_Data below_:
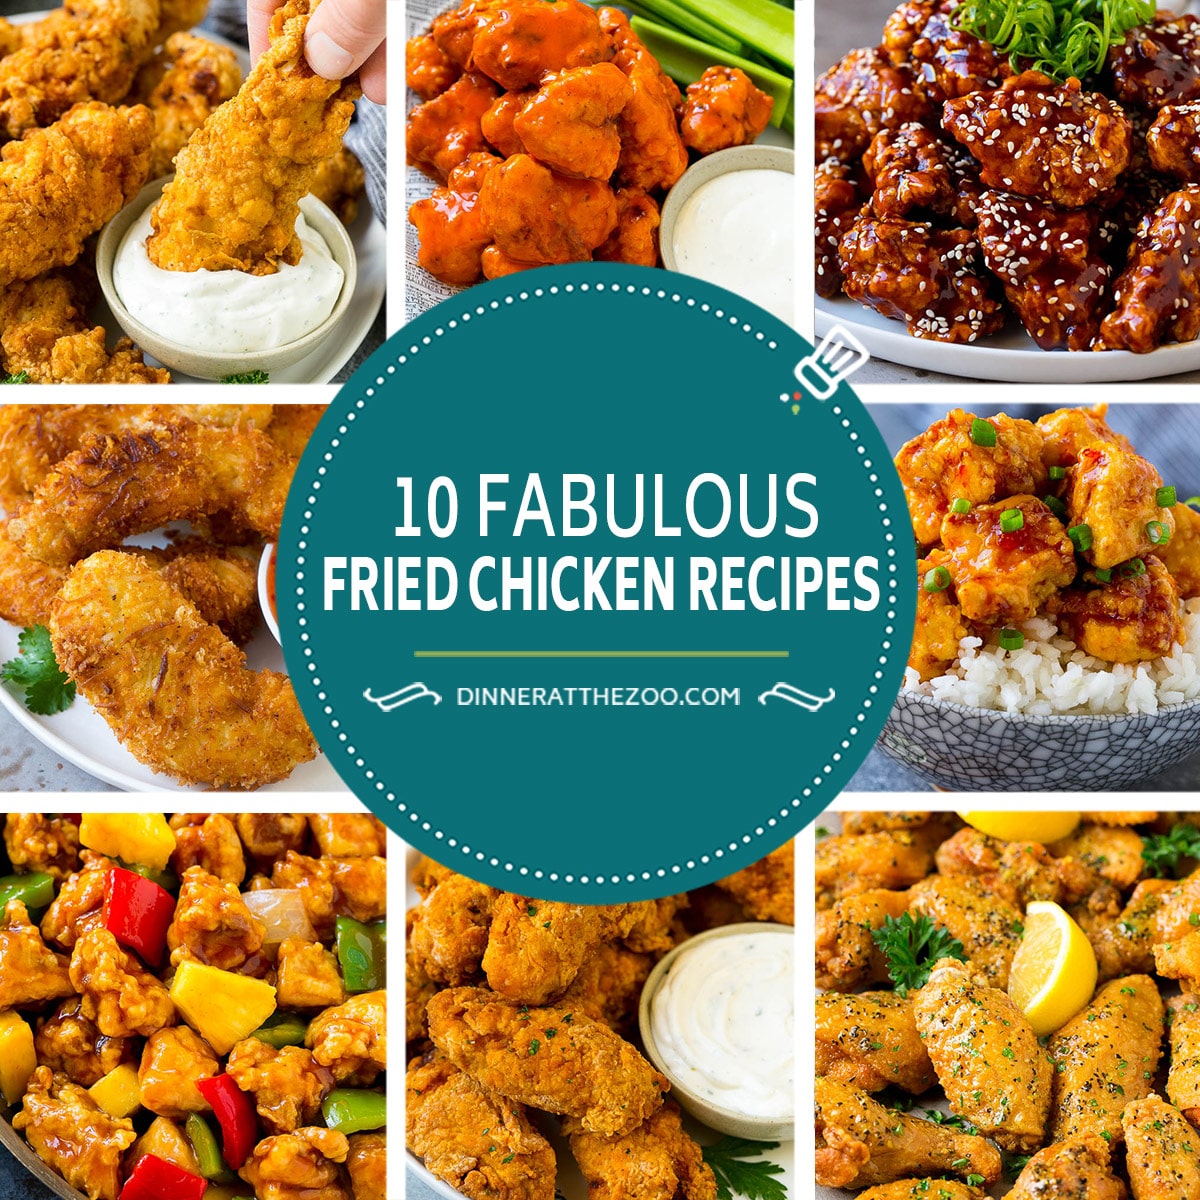 A collection of fabulous fried chicken recipes including buffalo chicken nuggets, fried chicken wings and sweet and sour chicken.
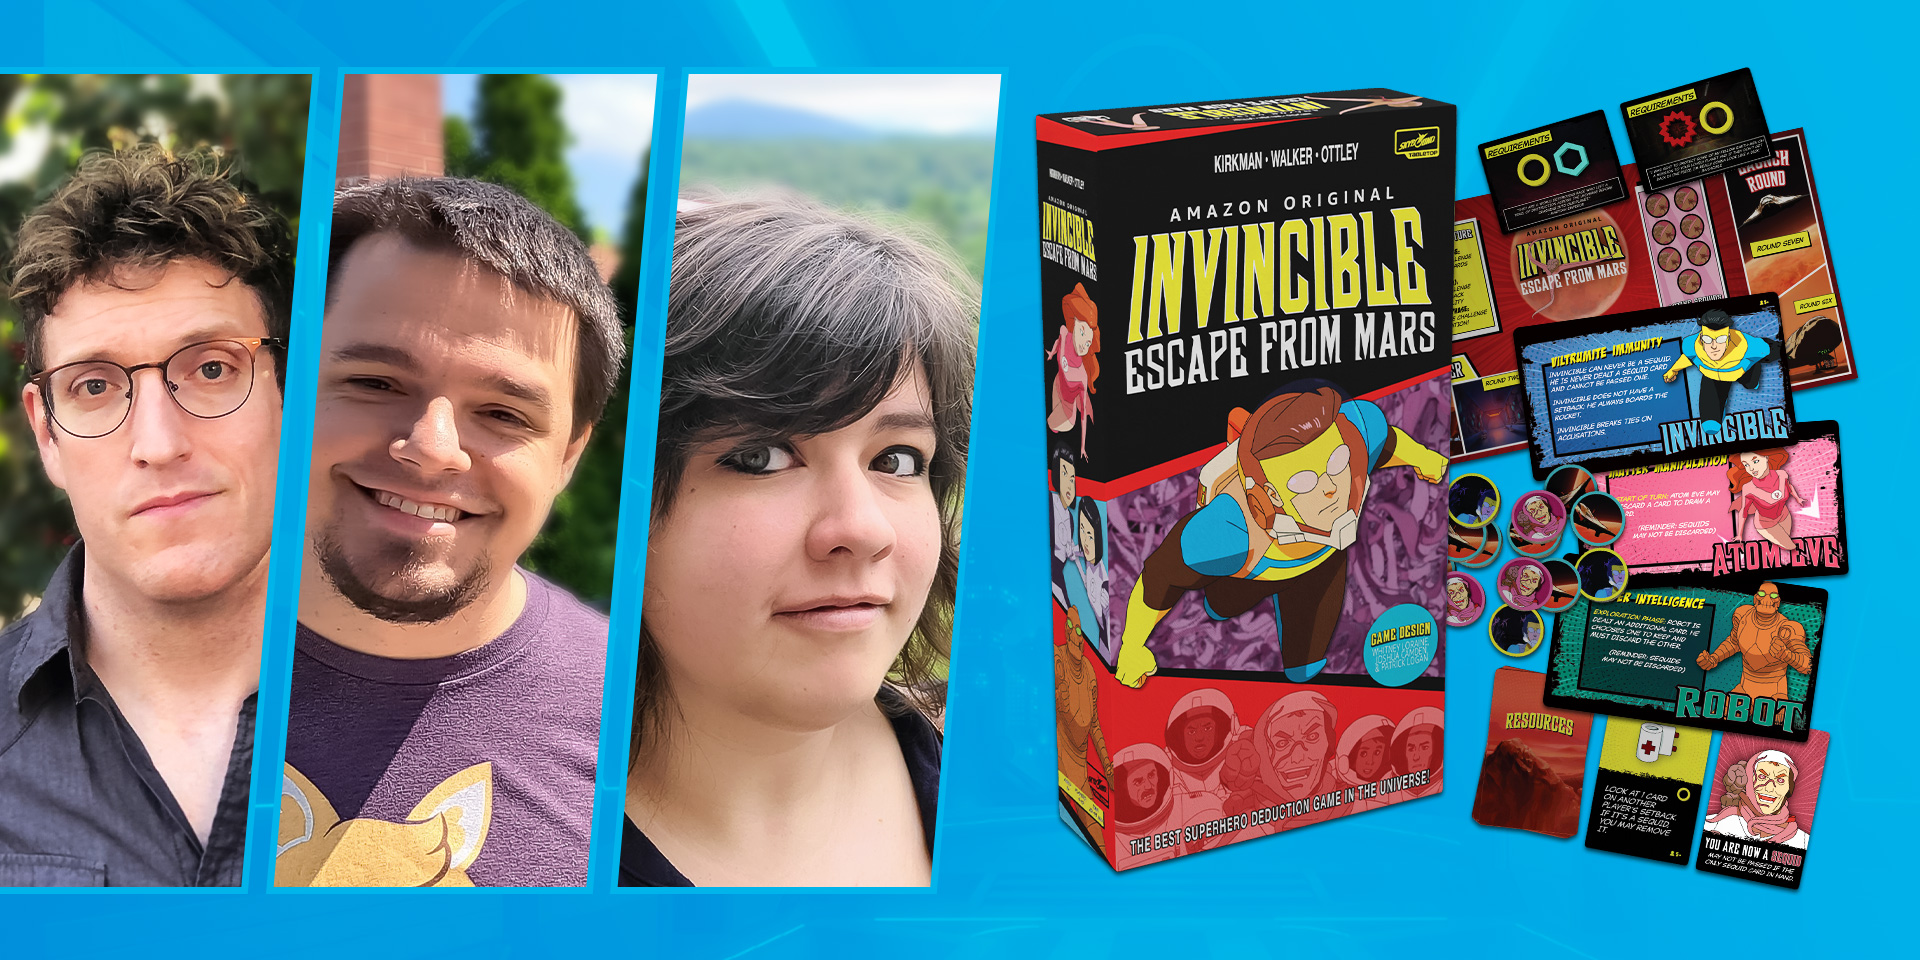 Game Designers Patrick Logan, Joshua Camden, and Whitney Loraine on Invincible: Escape from Mars
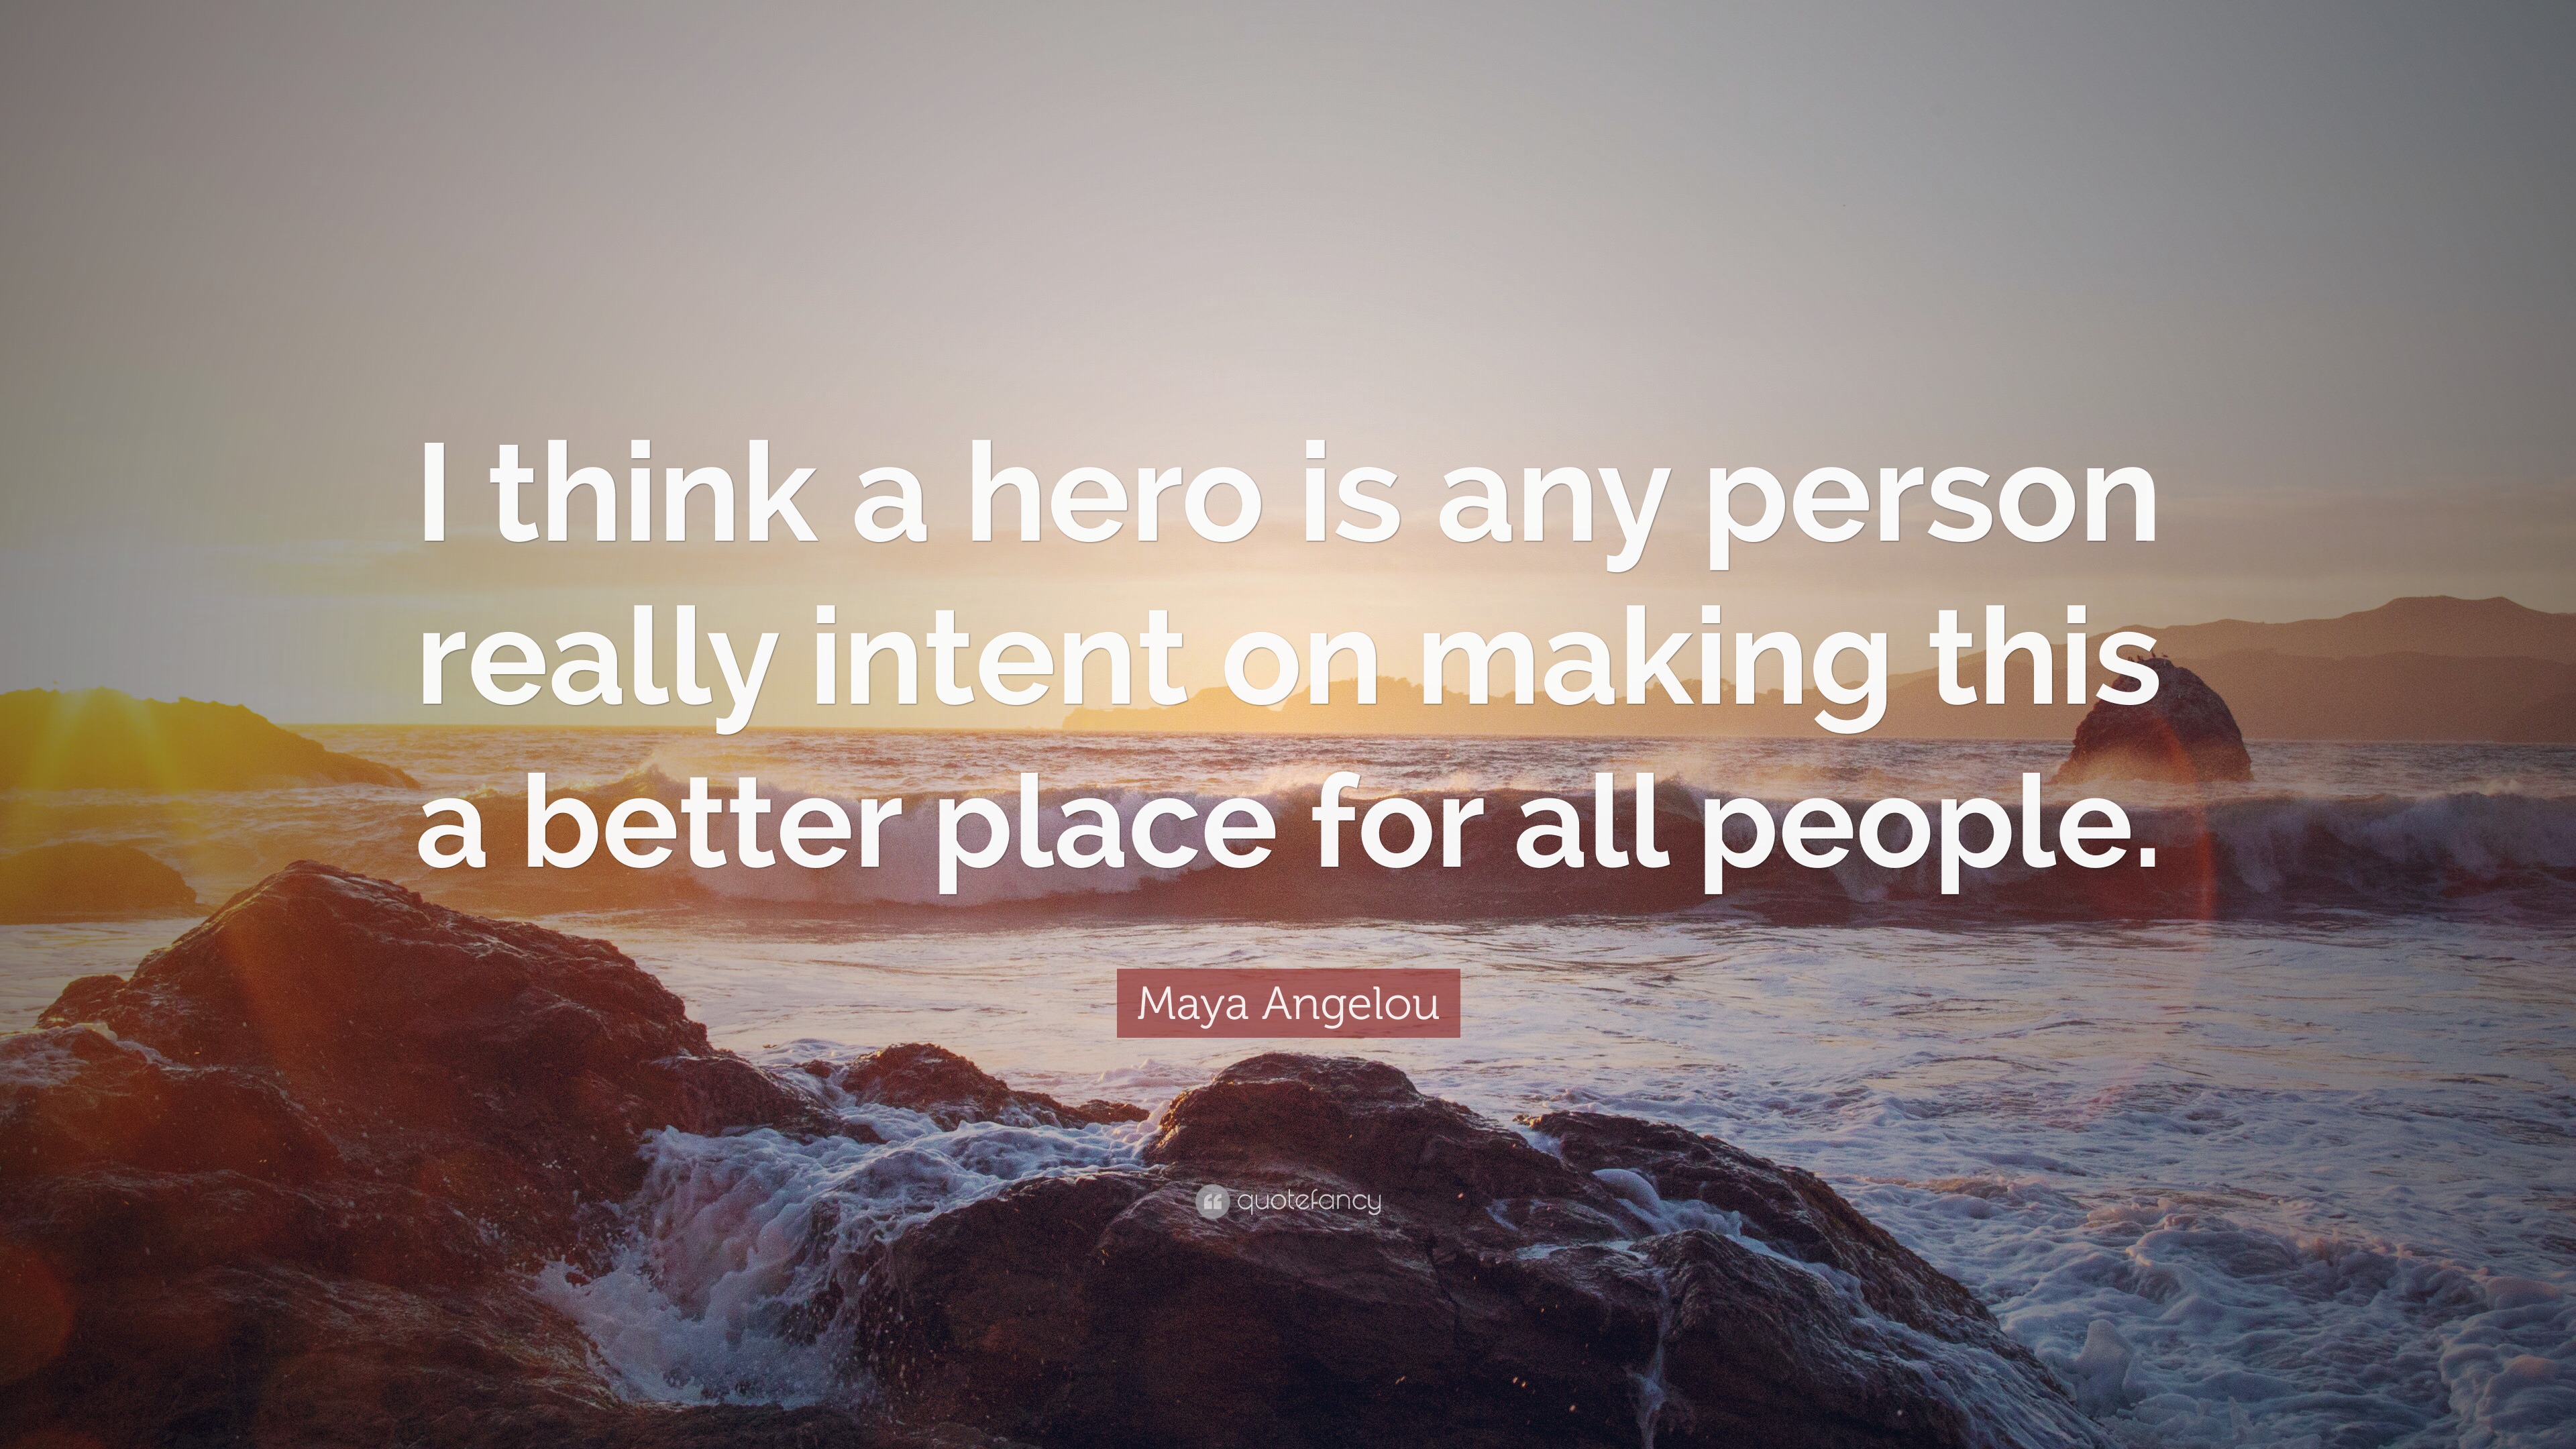 Maya Angelou Quote: “I think a hero is any person really intent on ...

_How to complete this task_: The response has to be an exact copy of all the data, pictures excluded.

_Task response_:
 A collection of fabulous fried chicken recipes including buffalo chicken nuggets, fried chicken wings and sweet and sour chicken.
 Game Designers Patrick Logan, Joshua Camden, and Whitney Loraine on Invincible: Escape from Mars
 Maya Angelou Quote: “I think a hero is any person really intent on ...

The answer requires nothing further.